Sherlock Holmes y el doctor Watson se adelantaron unos pasos.

—Me temo que nuestra investigación también termina aquí. La mayor parte de nuestro tiempo lo pasamos fuera de Londres, estamos retirados de la ajetreada vida de las investigaciones. Ha sido un placer conocerles.

Churchill miró a Hércules, Lincoln y Alicia. Durante unos segundos, los tres permanecieron en silencio.

—En cuanto nos entrevistemos con Joseph Kenworthy iremos a México —dijo Hércules.

—¿Joseph Kenworthy? —preguntó Churchill.

—Ya le hablé de él, lord Fisher me comentó que él podría aclararnos por qué se quitó la escolta al Lusitania —dijo Hércules.

—Joseph Kenworthy fue encontrado muerto en su apartamento esta mañana, alguien le había arrancado el corazón.

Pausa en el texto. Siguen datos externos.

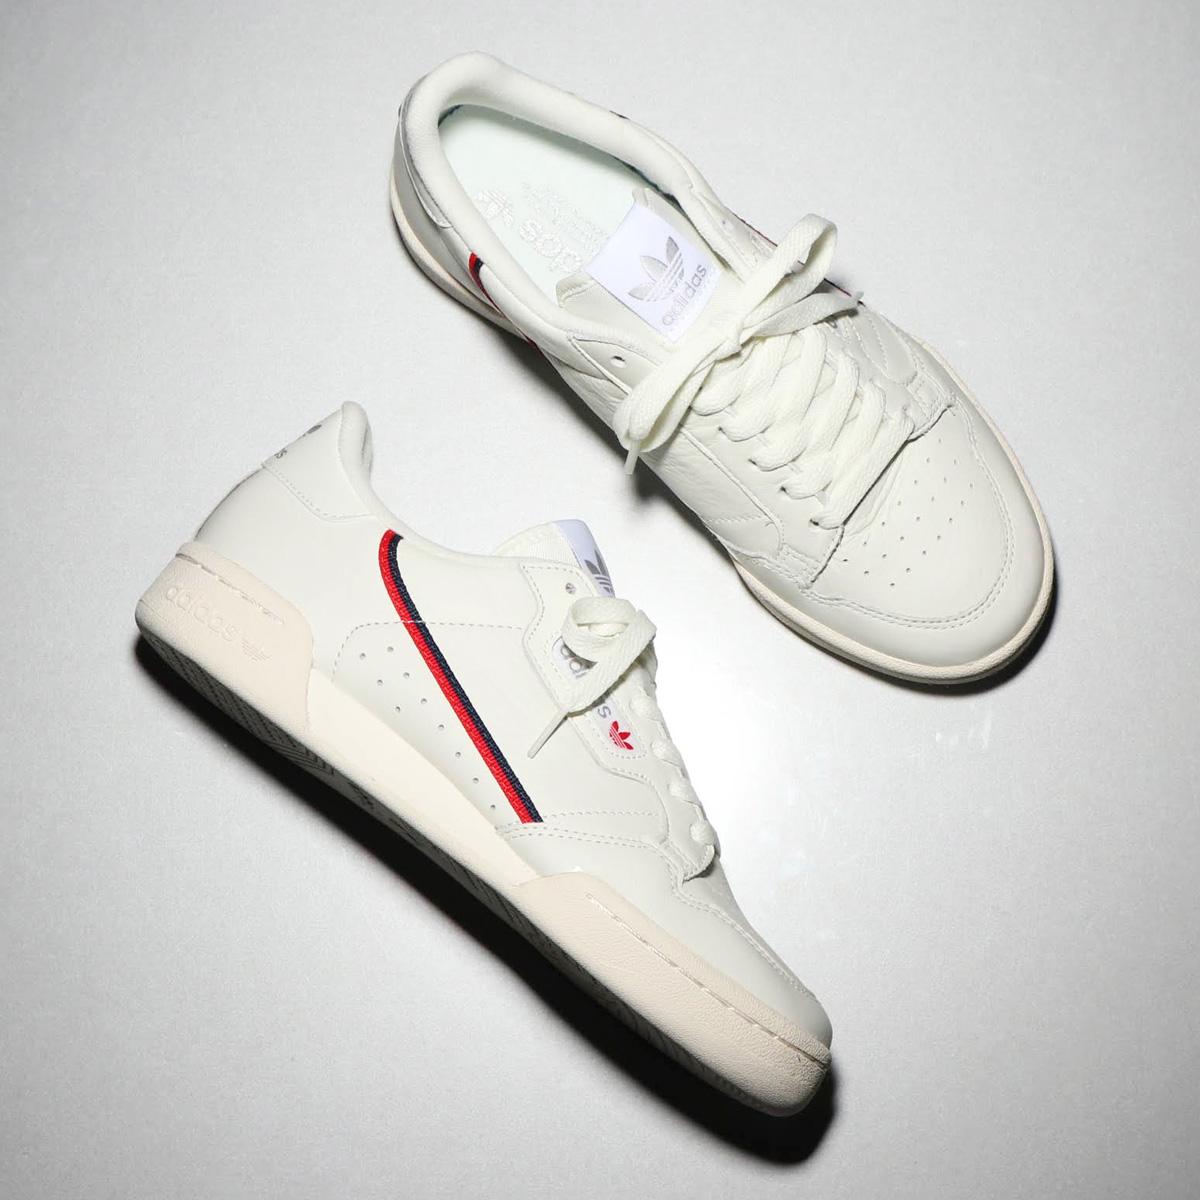 adidas originals continental 80 (adidas originals continental 80) beige / cremefarbig / scarlet 18fw ich

Además, ya le he dicho que es mejor que se centren en el robo —dijo Churchill.

Todos se miraron sorprendidos.

—Viajaremos mañana mismo a México —dijo Lincoln.

—Ordenaré que reserven pasajes en el próximo barco que salga para Veracruz —dijo Churchill complacido. Tenía que volver a El Cairo de inmediato, las noticias del frente otomano no eran buenas.